DESCRIPTION

Nowadays, Artificial Intelligence, notably Advanced Machine Learning (ML) drives scientific and economic growth worldwide. They are essentially massive ‘learning by experience/examples’ systems. However, as our tasks and the world change, such systems should adapt to new domains/tasks and continue learning. Knowledge should be transferred from one DNN systems to other ones. Distributed DNN training should be performed though Federated Learning, e.g., for privacy protection. New Learning modes should be explored, by reward maximation, as it is done in Deep Reinforcement Learning and Imitation Learning.

This advanced ML module covers all the above-mentioned topics: Deep Reinforcement Learning, Imitation Learning, Explainable AI, Continual Learning, Domain Adaptation, Transfer Learning, Federated Learning. Their applications span and revolutionize many domains:

  • Autonomous Systems (cars, drones),
  • Social Media Analytics,
  • Game development,
  • Financial Engineering (forecasting and analytics), Big Data Analytics,
  • Robotics/Control
  • Intelligent Human-Machine Interaction, Anthropocentric (human-centered), Computing
  • Smart Cities/Buildings and Assisted living.

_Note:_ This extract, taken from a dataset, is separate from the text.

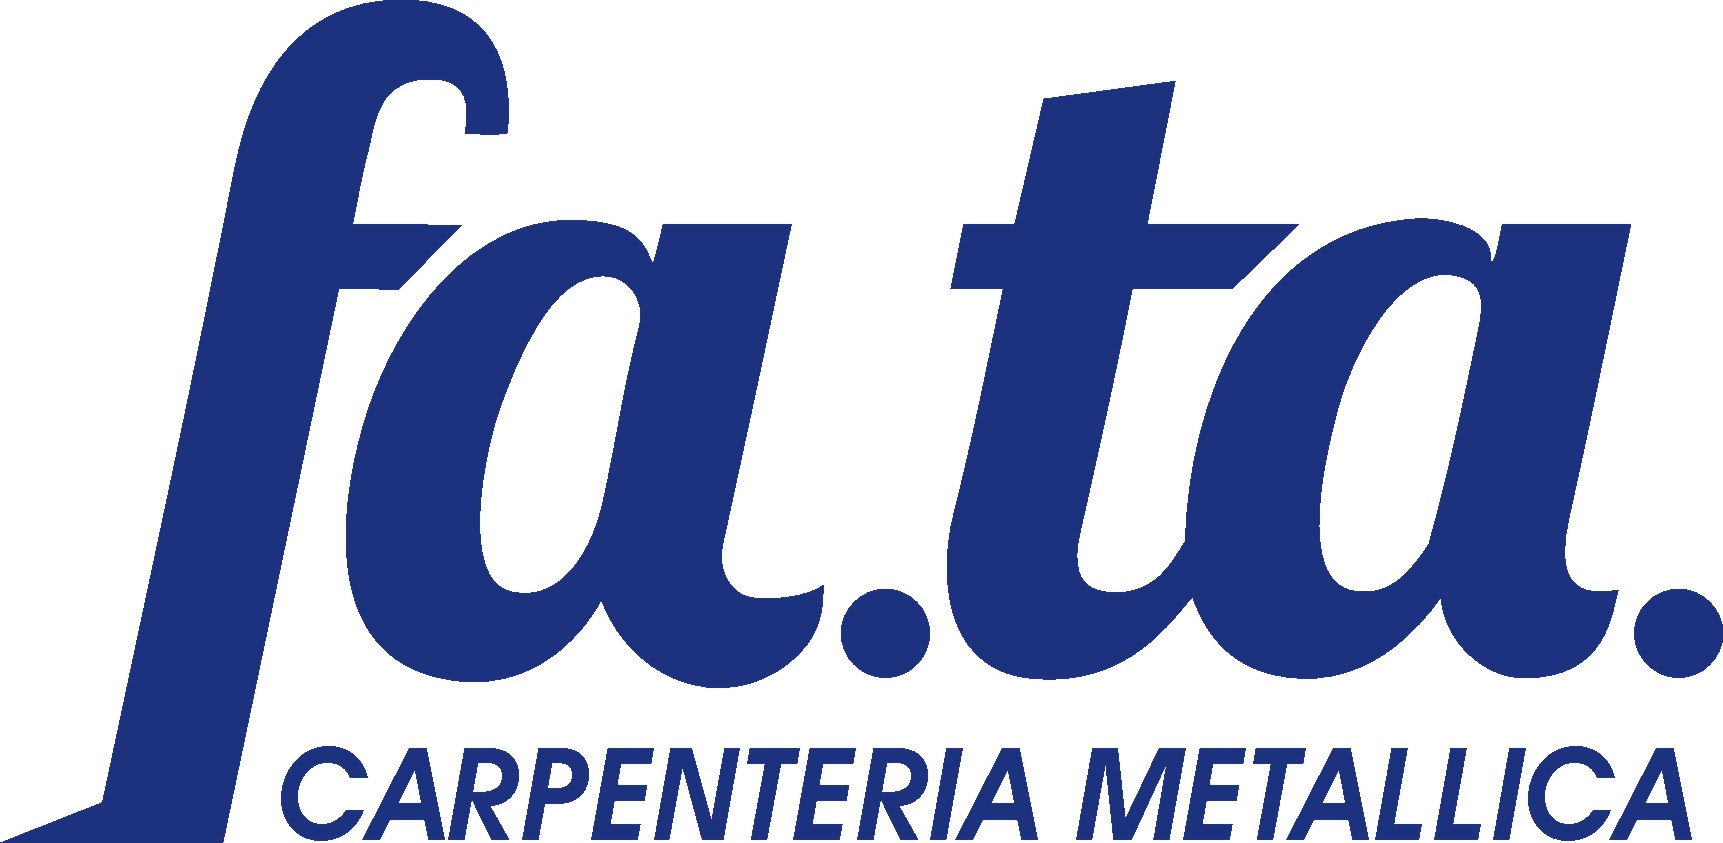 FATA CARPENTERIA logo

Deep Reinforcement Learning for drone cinematography.

Explainable AI models.

LECTURE LIST

  1. Deep Reinforcement Learning
  2. Imitation Learning
  3. Explainable AI
  4. Continual Learning
  5. Domain Adaptation
  6. Transfer Learning
  7. Federated Learning
CVML WEB LECTURE MODULE SCHEDULE

This module has been designed to be mastered within 1 month (or less), if you have proper background (at least early undergraduate student in an EE, ECE, CS, CSE or any Engineering or Exact Sciences Department).
We propose that you follow the above mentioned  Lecture order. You may want to skip few Lectures that might not be of immediate interest to you for later study.

On average you can study 4 lectures per week. The related effort is as follows:
Lecture pdf study and filling the related understanding questionnaire: 1-2 hours per lecture (on average, depending on your background).